This isn’t just a nice retirement gig for a tech exec. It’s a deeply strategic move by Disney at a critical moment. Look, Bob Iger has been talking non-stop about transforming Disney+ into “a portal to all things Disney” using AI, and the company is pouring resources into tech-enabled personalization and mixed-reality experiences. Who better to advise on that than the guy who helped scale Apple’s hardware empire and oversaw its design team after Jony Ive left? Williams isn’t just a product guy; he ran Apple’s entire global supply chain and operations. For a company like Disney, which has a massive physical footprint in parks and a sprawling digital supply chain for content, that operational expertise is pure gold.

A board built for a fight

Let’s look at the board Disney is assembling. You’ve got Mary Barra from GM (industrial scale), Calvin McDonald from Lululemon (direct-to-consumer brand magic), and now Jeff Williams from Apple (the pinnacle of integrated tech hardware, software, and services). This is a board engineered for a modern corporate war. They’re not just thinking about the next animated hit; they’re building a bench to tackle logistics, direct consumer relationships, and technological integration. The company’s tech strategy is clearly aiming to reshape engagement and monetization, and this board lineup screams execution. It’s a signal to investors and competitors that Disney is serious about operational excellence, not just creative storytelling.

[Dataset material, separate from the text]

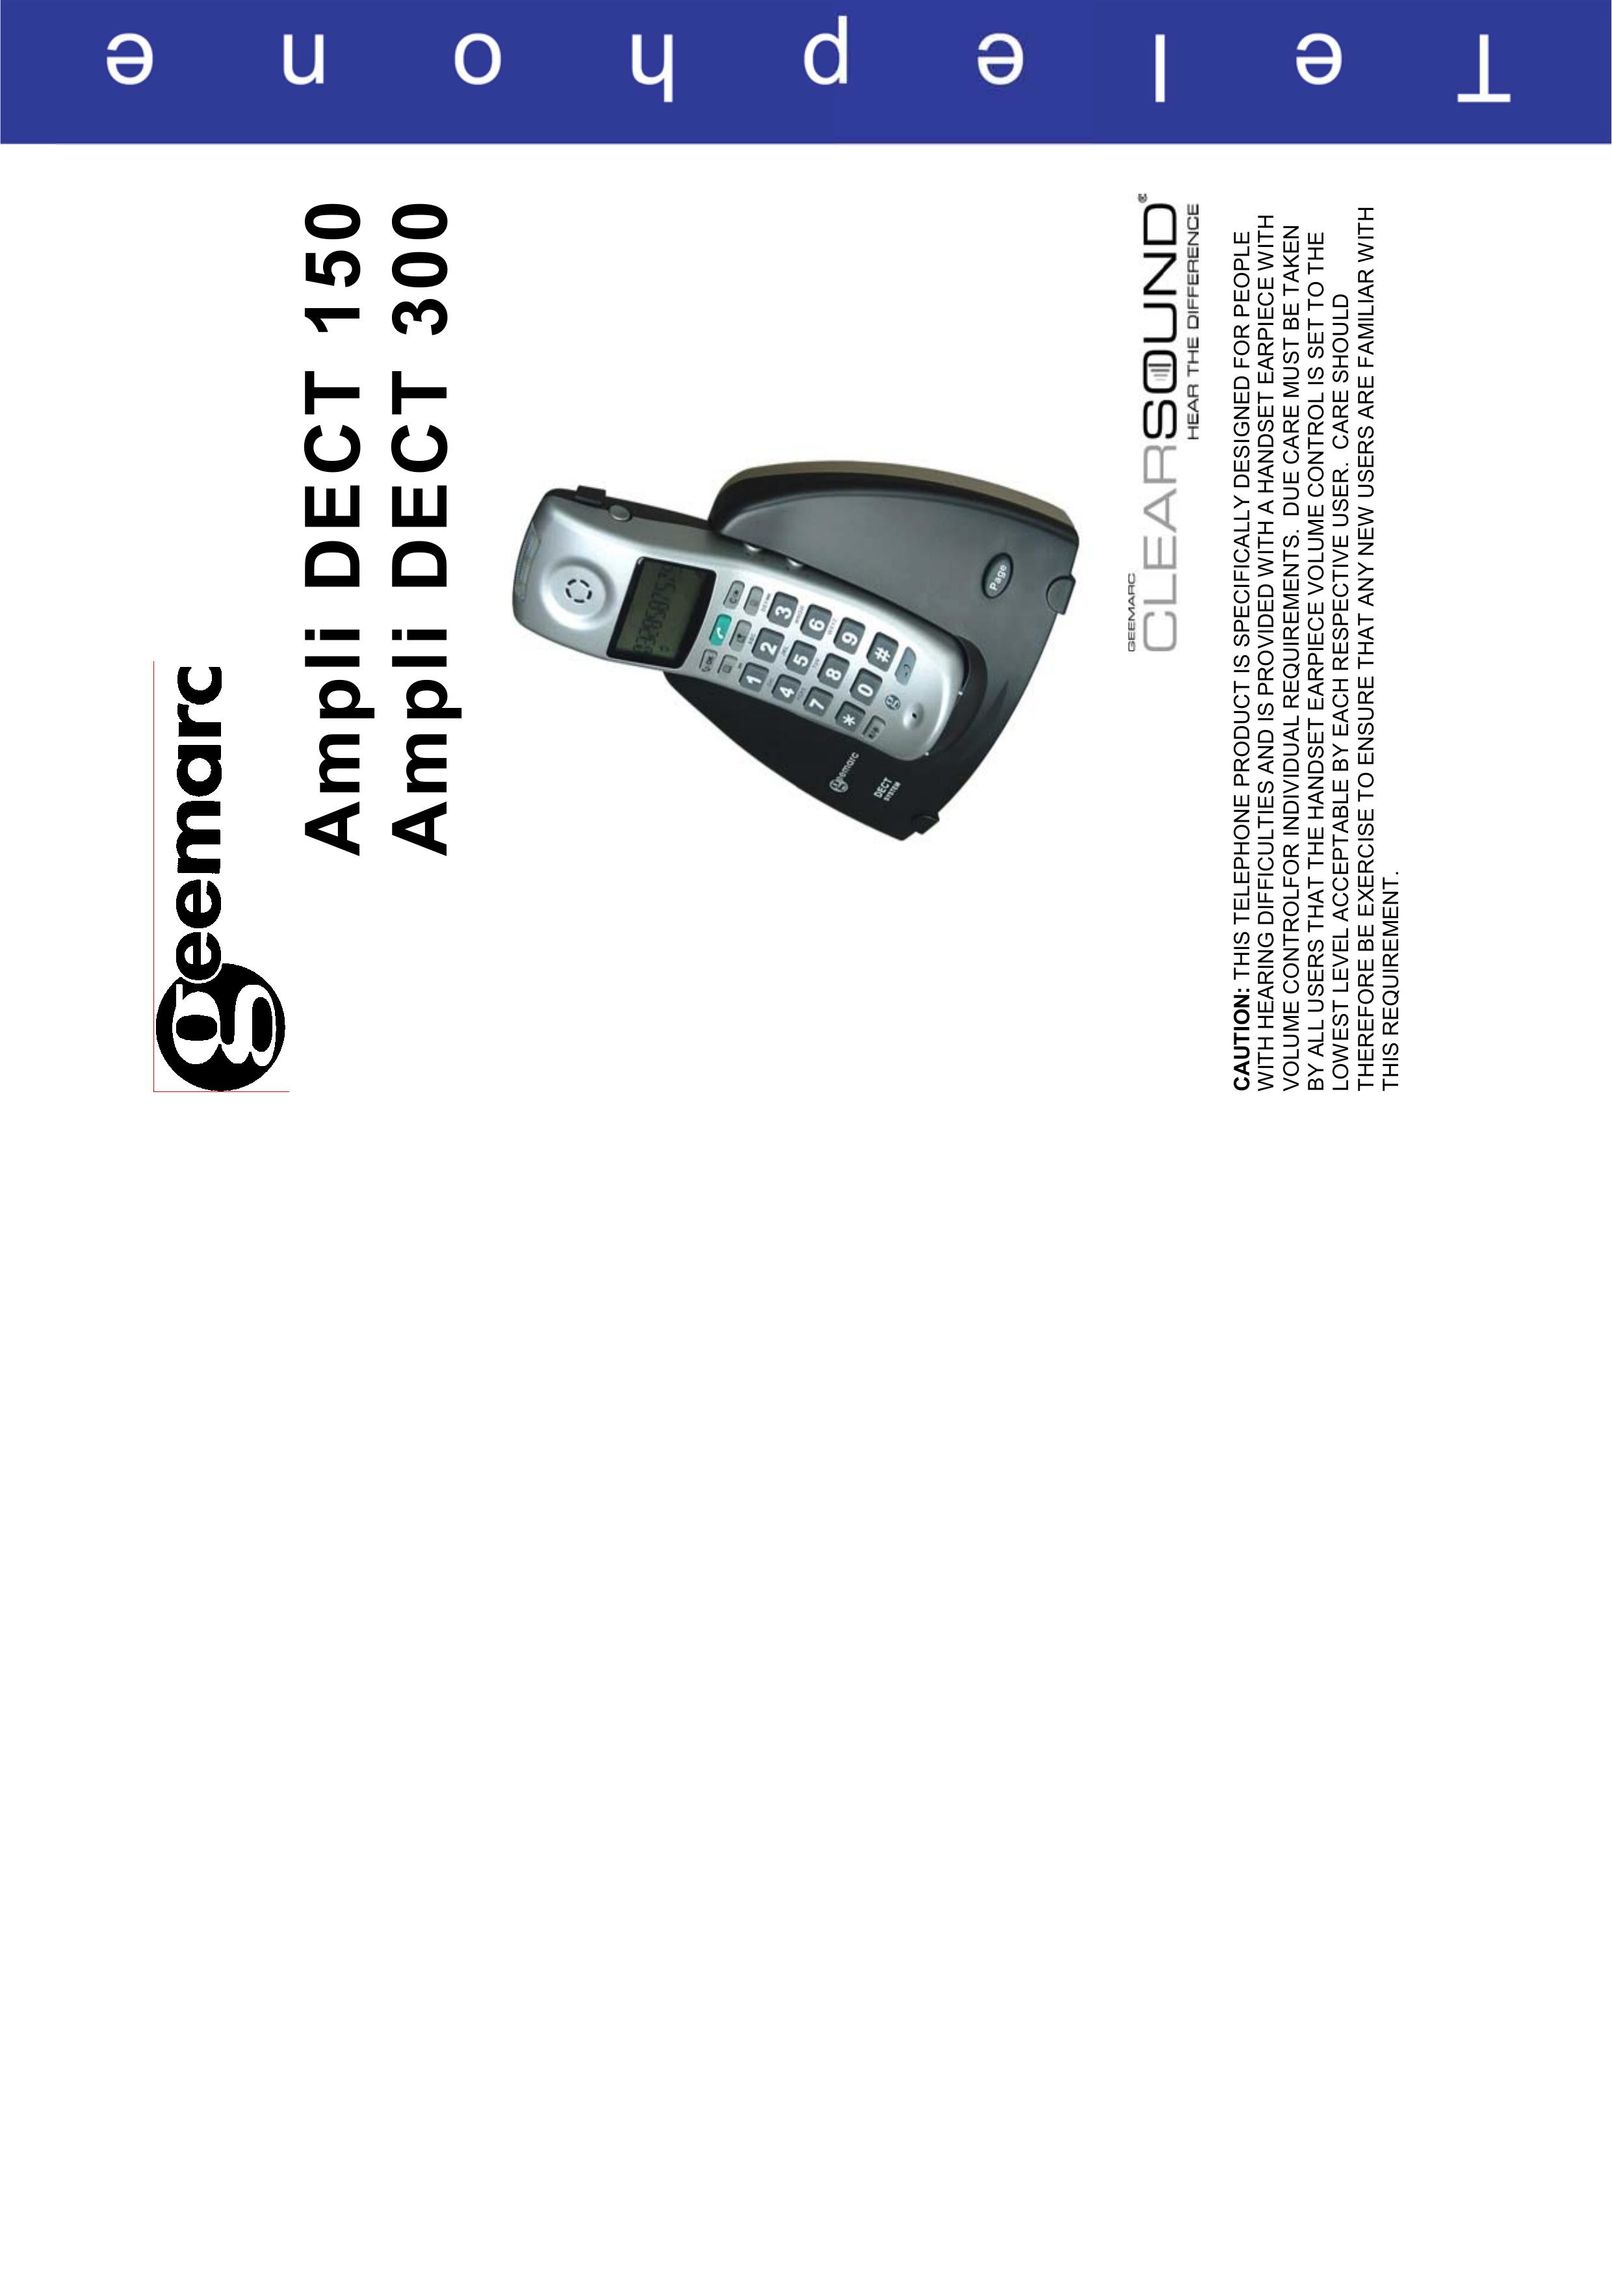 Geemarc Dect 300 Cordless Telephone User Manual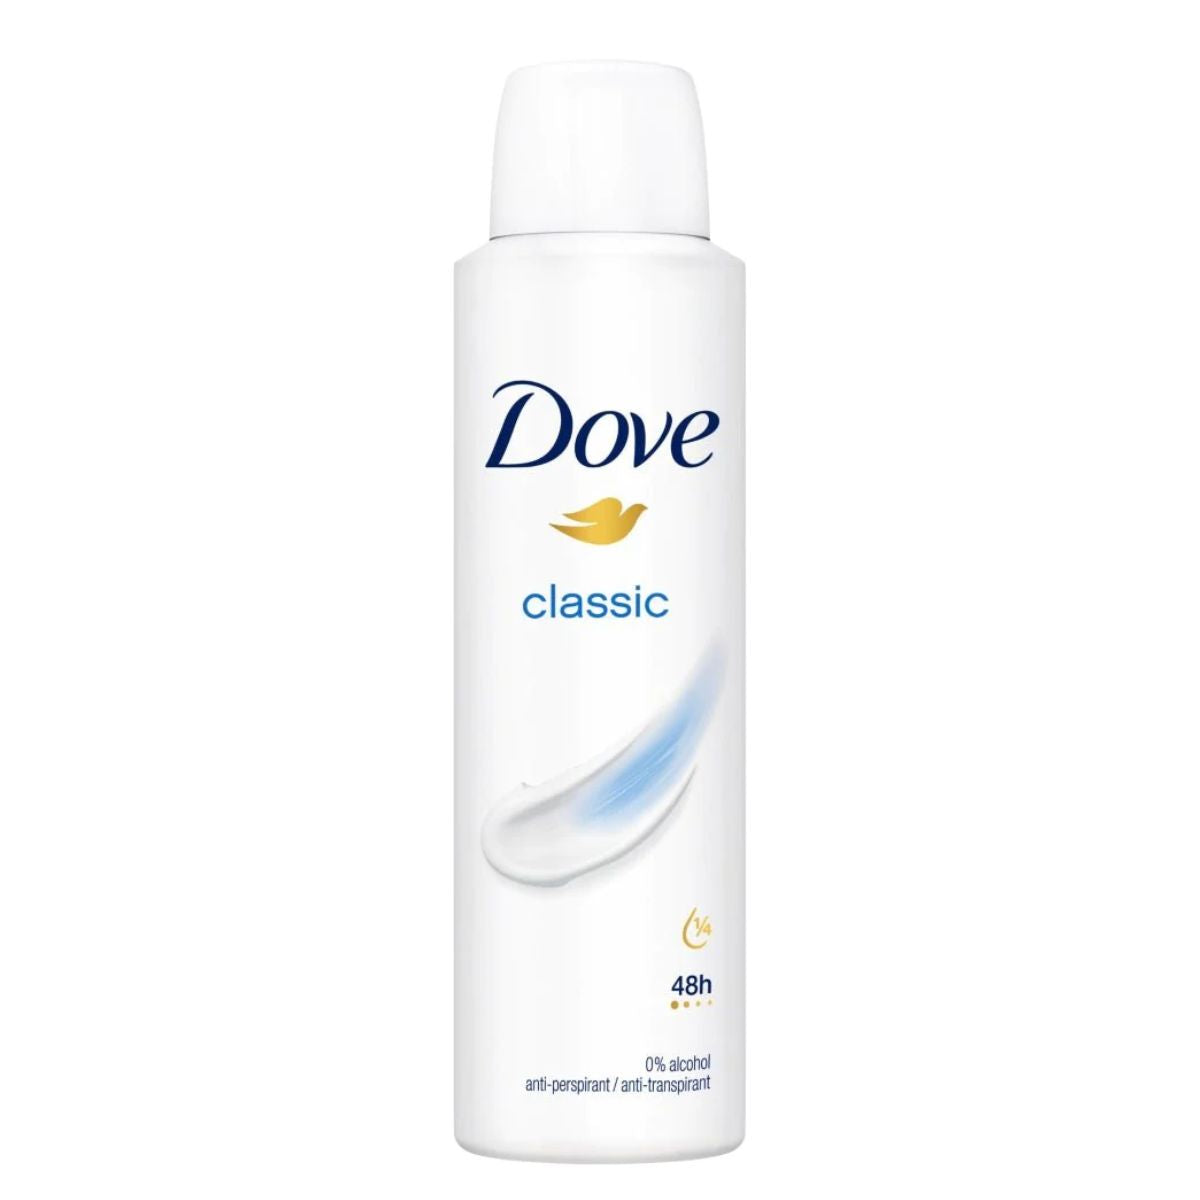 Dove Original Antiperspirant Aerosol Deodorant - 150ml spray on a white background.

The Apple playbook at the Magic Kingdom?

Here’s the thing: Williams’ experience at the “intersection of technology, global operations and product design,” as Gorman put it, is the exact recipe Apple used to dominate. Disney’s biggest challenges now are integrating its streaming services, making parks more digitally immersive, and creating seamless customer experiences. Sound familiar? It’s the ecosystem play. Apple’s genius was making hardware, software, and services work so well together you never want to leave. Disney wants that same sticky, holistic relationship with its customers, whether they’re watching at home or riding a ride. Williams has literally lived that playbook for decades. His insight into how Apple managed its design-to-supply-chain pipeline could be revolutionary for a company that makes everything from movie props to industrial panel PCs for ride control systems, where reliability and integration are paramount.

Succession and signals

This move also casts an interesting light on the succession plans for both companies. Williams was the long-presumed next CEO of Apple, but that didn’t happen. Now, he’s joining a board that is actively leading the search for Iger’s successor, with an announcement expected in early 2026. Is Williams being brought in as a potential candidate? Probably not directly, but his presence on the board will undoubtedly influence the criteria for the next CEO. Disney is signaling that the next leader needs to understand tech and operations at a fundamental level. Meanwhile, over at Apple, Sabih Khan has smoothly taken over as COO, showing the depth of their bench. Williams’ quick move to Disney shows that for top-tier execs, “retirement” really just means applying their playbook to a new, fascinating challenge. The 2026 shareholder vote is a formality; his influence is already being felt.